Whenever scientists discuss or write about ‘intelligence’, they will often have one of these four theories in mind. Different scientists have different theoretical preferences.
1. Unitary intelligence – g. Spearman’s theory of unitary intelligence, or g. Spearman (1923) argued that underlying all cognitive abilities was a single general intelligence factor (g) that all the abilities draw on, and which individuals differ in – in a bell curve (normal) distribution. From a statistical standpoint, all tests of cognitive ability are correlated positively and in factor analysis load highly on one higher-order general factor that shares variance with them all. When people talk about ‘IQ level’ this is generally the underlying ability that people have in mind. Spearman (1904) argued that the variance of performance between individuals on ANY given cognitive task (spelling, arithmetic, inductive reasoning, mental rotation, verbal analogies, etc), could be attributed to two underlying factors: g and s – the domain-specific skill accounting for the variance unique to that type of task. On this theory, g is the more crucial factor, and the most useful in describing individual differences, and explaining differences in cognitive ability. Recent studies have argued that differences in g are due to differences in working memory: that working memory capacity and processing efficiency underly the g factor.
2. Fluid intelligence (Gf or gF) and crystallized intelligence (Gc or gC). This is the theory favoured in this blog. It was originally proposed by Cattell back in 1943, and and later revised by Horn and Cattell in 1967. It holds that cognitive ability is best understood by two discrete factors: fluid intelligence (Gf) and crystallized intelligence (Gc). Fluid g is defined as the ability to reason and problem solve with novel tasks or in unfamiliar contexts (measured by tests of spatial and inductive reasoning), while crystallized g is defined as acquired knowledge and is measured using tests of general knowledge, mathematics, reading comprehension, and vocabulary knowledge. From an instructional perspective, this two-factor model allows domain-specific knowledge to possibly compensate for limitations in capacity and processing (fluid intelligence). One may succeed due to knowledge about a task or domain (crystallized g), or due to sheer ‘horsepower’ (fluid g).
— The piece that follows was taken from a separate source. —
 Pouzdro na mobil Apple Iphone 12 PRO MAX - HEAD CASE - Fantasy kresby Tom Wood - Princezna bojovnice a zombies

3. Speed vs capacity. According to Fry and Hale (1996) faster information processing speed allows for more efficient working memory processes that translates into improved performance on the demanding cognitive tasks that are found in intelligence tests. A number of developmental studies show that increases in processing speed at younger ages is followed by increases in working memory, and that these appear to be directed by a unified biological system (Kail, 2000). Reading disabilities may be the result of a domain-general deficit in speed of processing, and speed is associated with more effective imagery that, in turn, was associated with spatial memory span and performance on some sub-tests of intelligence batteries.
As for the capacity factor in this theory, Just and Carpenter (1992) have proposed an acount of capacity for language comprehension (a good measure of IQ) in which individual differences in performance can be accounted for in terms of the total amount of activation that is available in working memory for both processing and storage demands.
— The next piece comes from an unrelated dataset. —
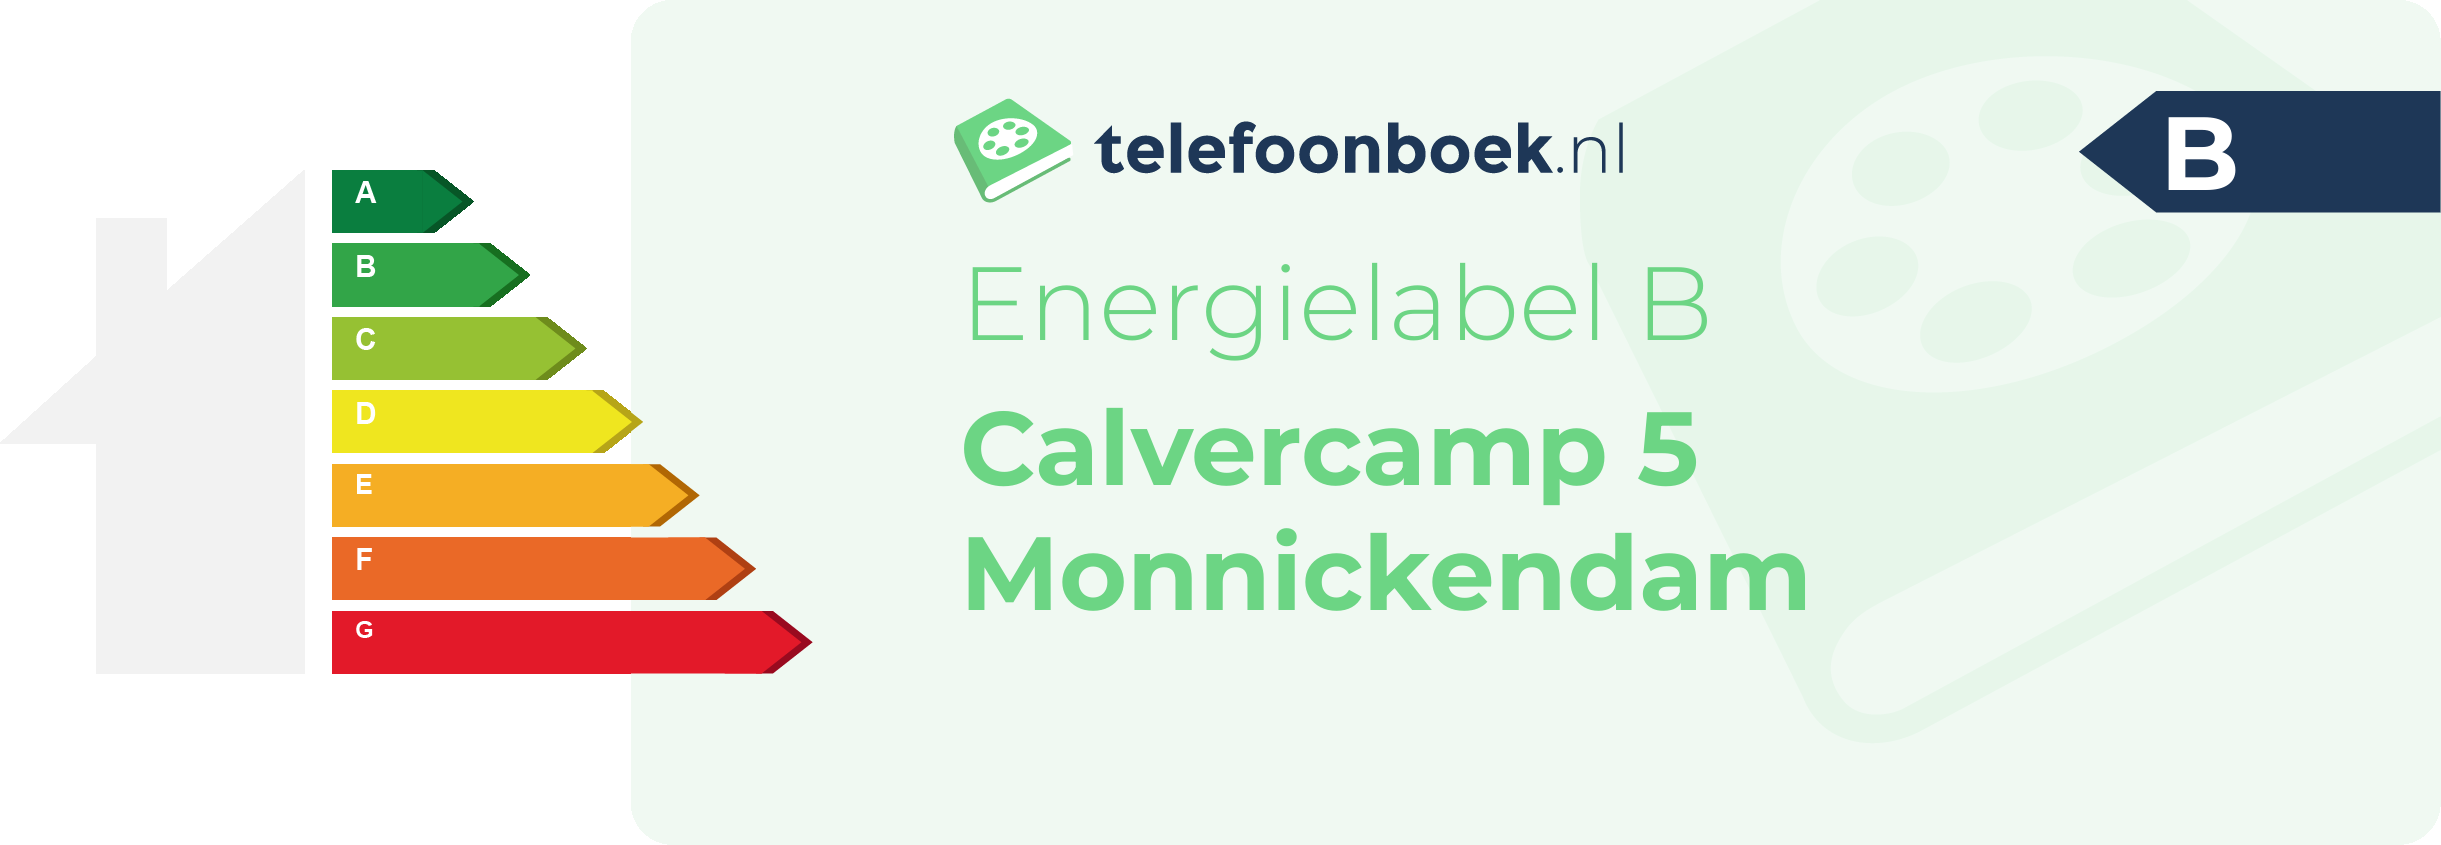 Energielabel Calvercamp 5 Monnickendam

4. Verbal, spatial, working memory, and processing speed. This is another hierarchical theory in the individual difference psychometric tradition. There is consensus that there is a general cognitive factor (g) that accounts for about 50% or so of the variance in a broad range of mental tests given to a large sample of the population. The general factors from different batteries of mental tests show very high correlations, often well above 0.9. When that variance is taken into account, there is still variance attributable to separable ‘level 2’ factors of intelligence, each of which accounts for under 10% of the variance. On this account those factors are verbal, spatial/perceptual organisation, working memory and processing speed. These factors provide a very good fit to performance on the 13 WAIS-III intelligence scale subtests (Deary, 2001), and the separate indices of ability that you get on WAIS-IV are based on this factor analytic model.
We have discussed speed and working memory in the context of the speed vs capacity theory. As for ‘verbal’ vs ‘spatial’, Paivio’s (1971) dual coding theory, states that incoming information is coded into a verbal-based code, spatial/ imagery-based code, or both in long-term memory. Paivio claimed that the two codes are independent of one another but information that is coded via both codes can establish a more enriched memory structure, with multiple retrieval routes to access the information. These different codes are associated, on this model, with different sub factors of intelligence that can vary independently of each other.
The literature supporting each of these theories of intelligence is deep and well-supported.
In a recent study by Nietfeld and colleagues in the psychometric tradition, theories 1, 2 and 3 – and the verbal vs spatial componentsof theory 4, were directly tested against each other in a confirmatory factor analysis study. The fluid vs crystallized hierarchical model came out to be the best fitting to the data. This structure is also consistent with Carroll’s (1993) proposed hierarchial structure of intellectual abilities based on his comprehensive meta-analysis of more than 450 independent datasets on intelligence testing. On his account, fluid intelligence and crystallized intelligence factors showed the closest relationship to g of all the broad factors at the second level of his hierarchy.
As theoretical constructs, fluid g and crystallized g are coming through strong!
Nietfeld et al. (2007). A test of theoretical models that account for information processing demands. Contemporary Educational Psychology, 32, 3, 499-515.